4. Use this nifty piece from the U.K. Independent to chart your own David Bowie tour through the streets of Manhattan. Along the way you‘ll visit his favorite park, record shop, book store, music studio and more.
3. Splurge on tickets for the 12th annual David Bowie tribute at Carnegie Hall on March 31 — which, given his death Sunday, is being transformed into a full-on memorial concert. Cyndi Lauper, Perry Farrell, Robyn Hitchcock and the Roots were already on the lineup, and more big names will probably be added in the coming weeks. “While the series has had the surprise appearances and performances of the honoree several times in the past, this one will certainly become a poignant honor of his music by his friends, peers, and fans,” show organizers wrote on their website. “We are all deeply saddened at this news, the timing of our public on-sale bizarre in its timing, and the show is taking on many more emotions.” For tickets, call CarnegieCharge at (212) 247-7800.

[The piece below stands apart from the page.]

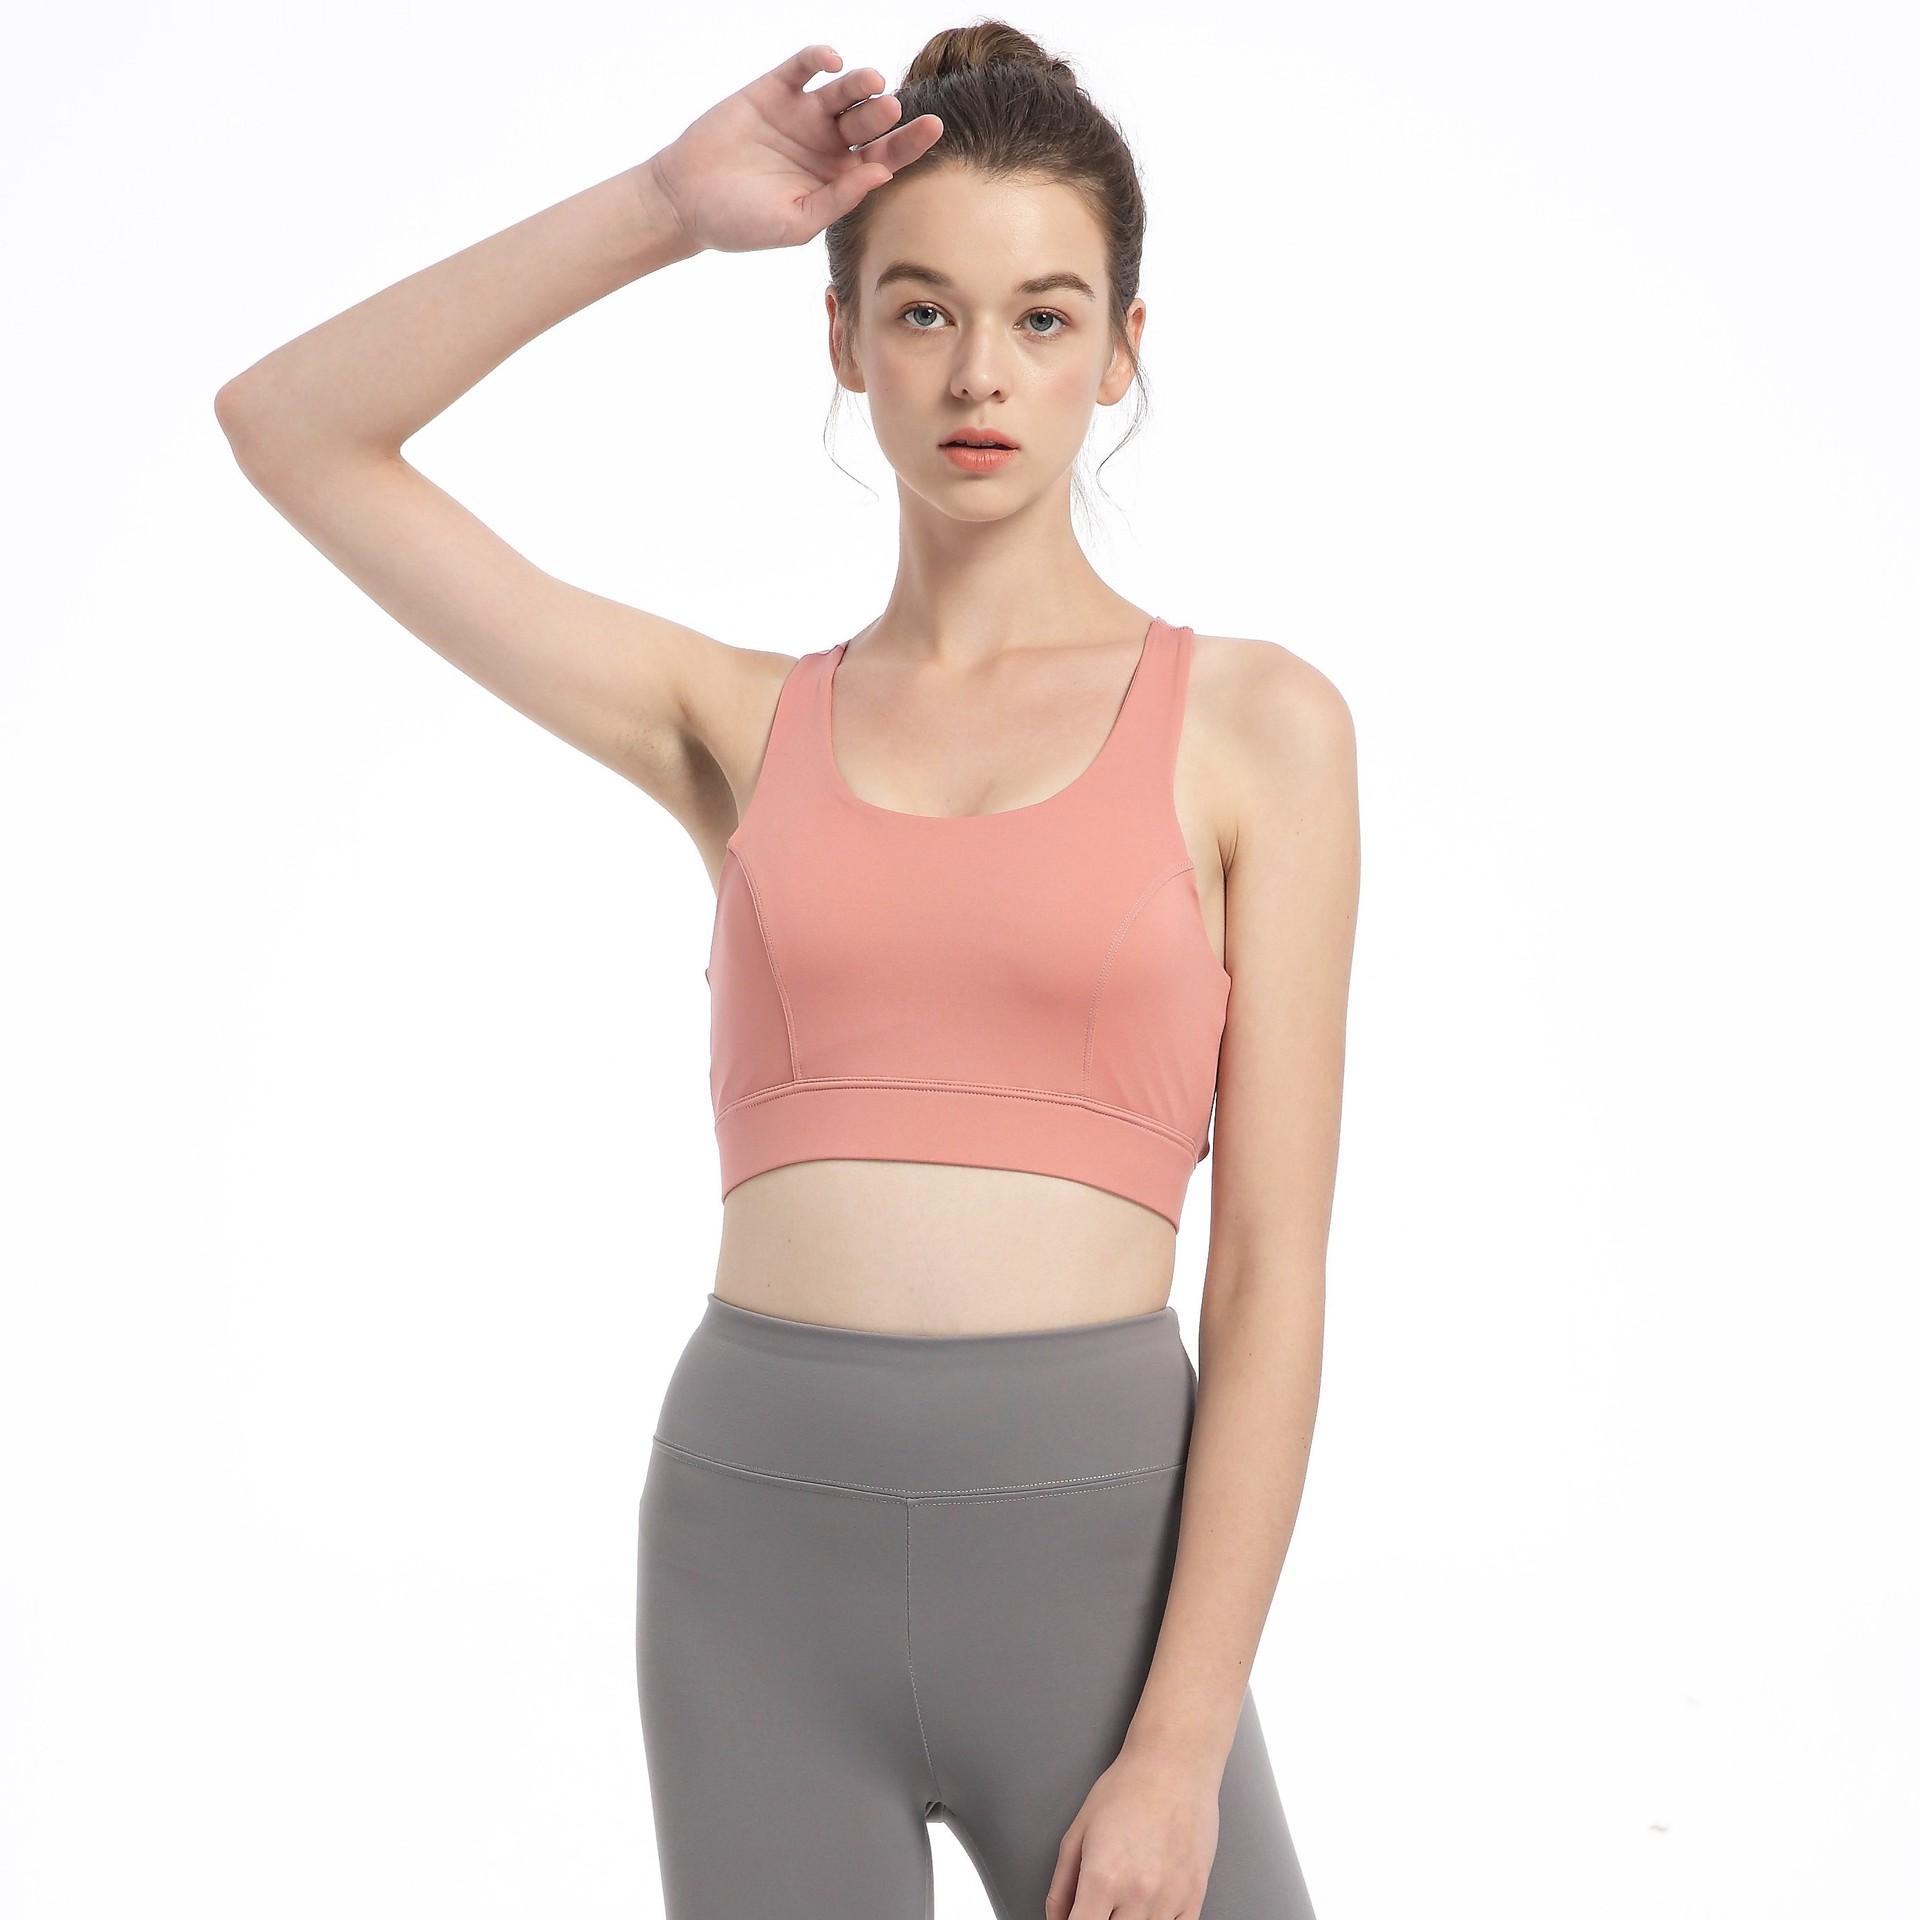 新款大码胖mm防震运动文胸聚拢定型内衣健身美背瑜伽跑步背心bra券后59.15元

2. Stand in the cancellation line for Lazarus — a theater performance co-written by Bowie and currently at the end of its run at the New York Theatre Workshop — every night from now until Jan. 20. (And afternoons on Saturday and Sunday.) That’s pretty much your only chance to snag seats to one of the show’s 12 remaining performances, which are all sold out. That, or you can try entering the Lazarus seat lottery on the TodayTix app.

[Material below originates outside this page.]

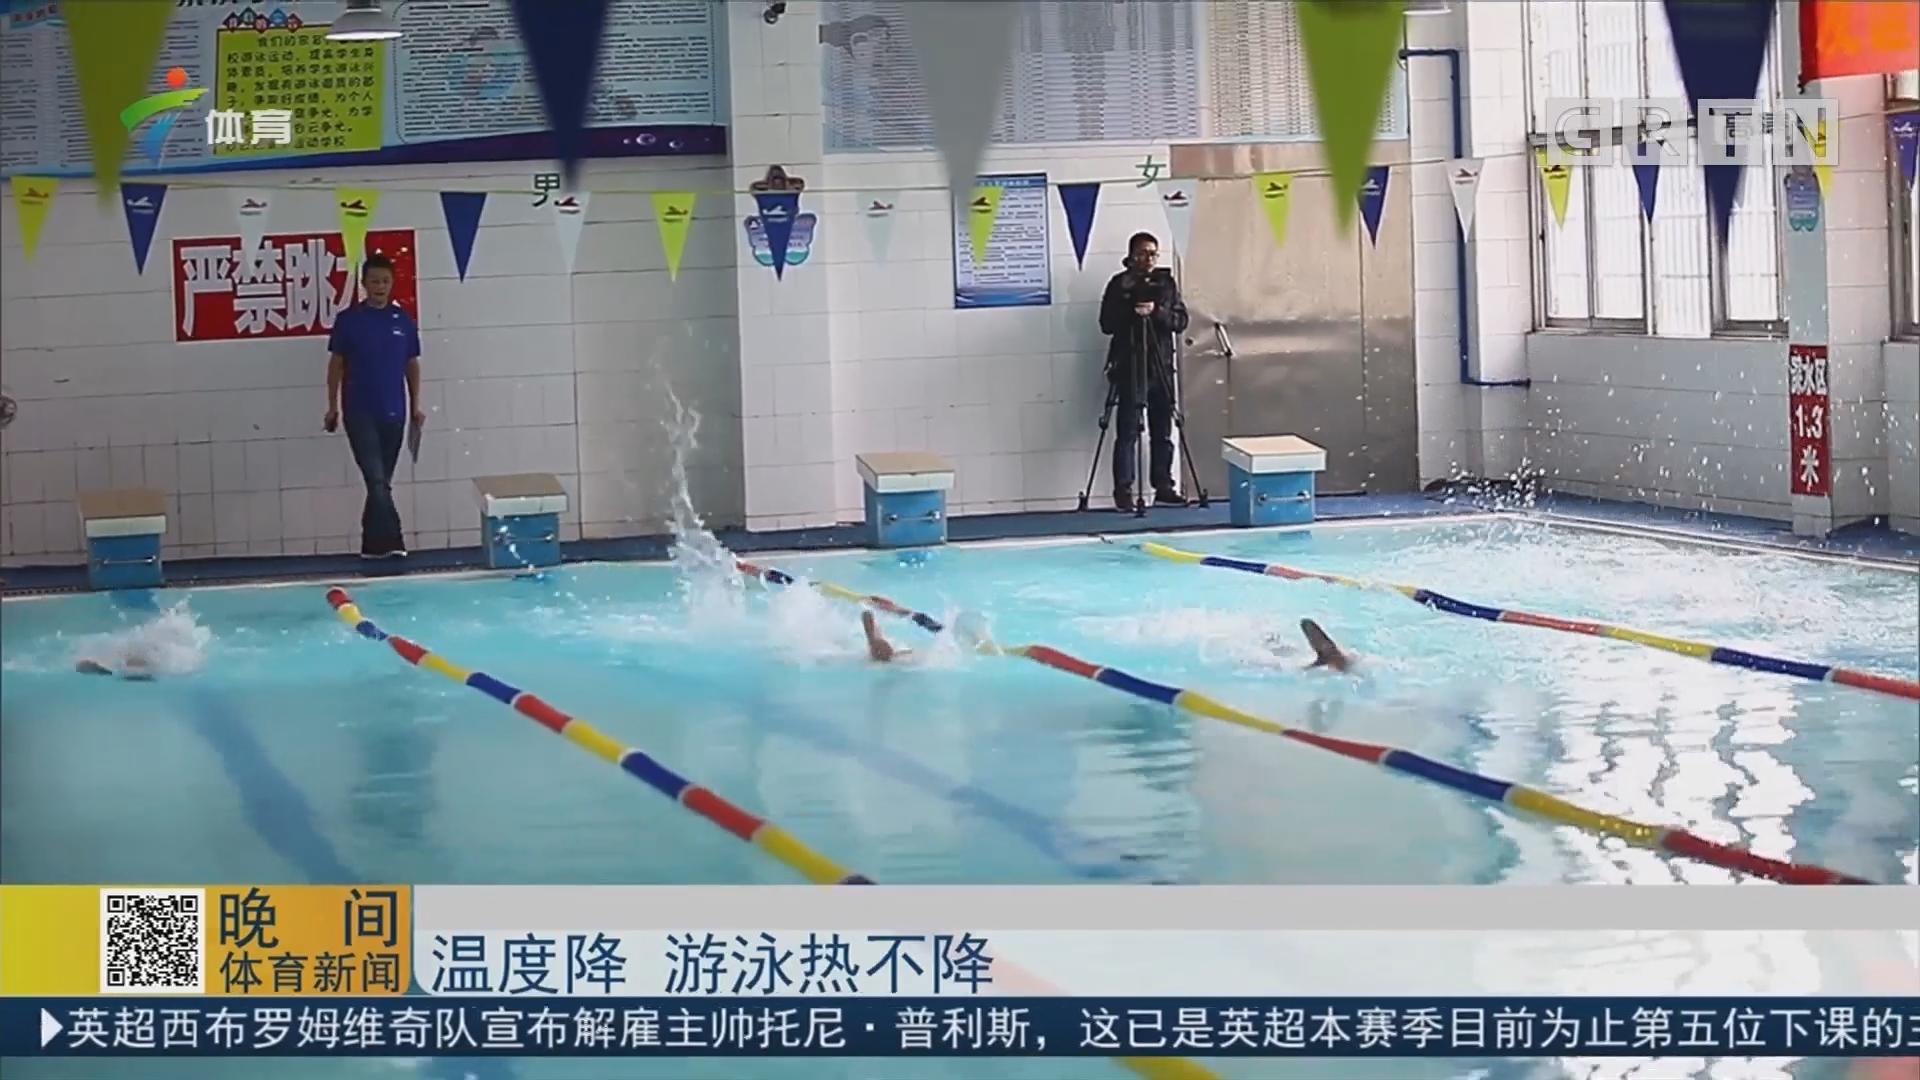 温度降 游泳热不降

1. To take a weirder/more indie route — Bowie would approve! — grab a $10 ticket to ”Dance Magic: A Celebration of 30 Years of Labyrinth,” a Bowie tribute show scheduled for May 21 at Shea Stadium in East Williamsburg, Brooklyn. A packed lineup of (yet-to-be announced) local bands will be covering songs from Labyrinth that night, as well as some of Bowie’s other hits. Organizer Brenna Erlich, of the local record company and printing press All-Ages Press, told Patch the show has taken on extra weight after Bowie’s death. ”It’s more sad now, but I guess it’s nice to be planning something where so many people will be able to come and remember their favorite artist,” Erlich said.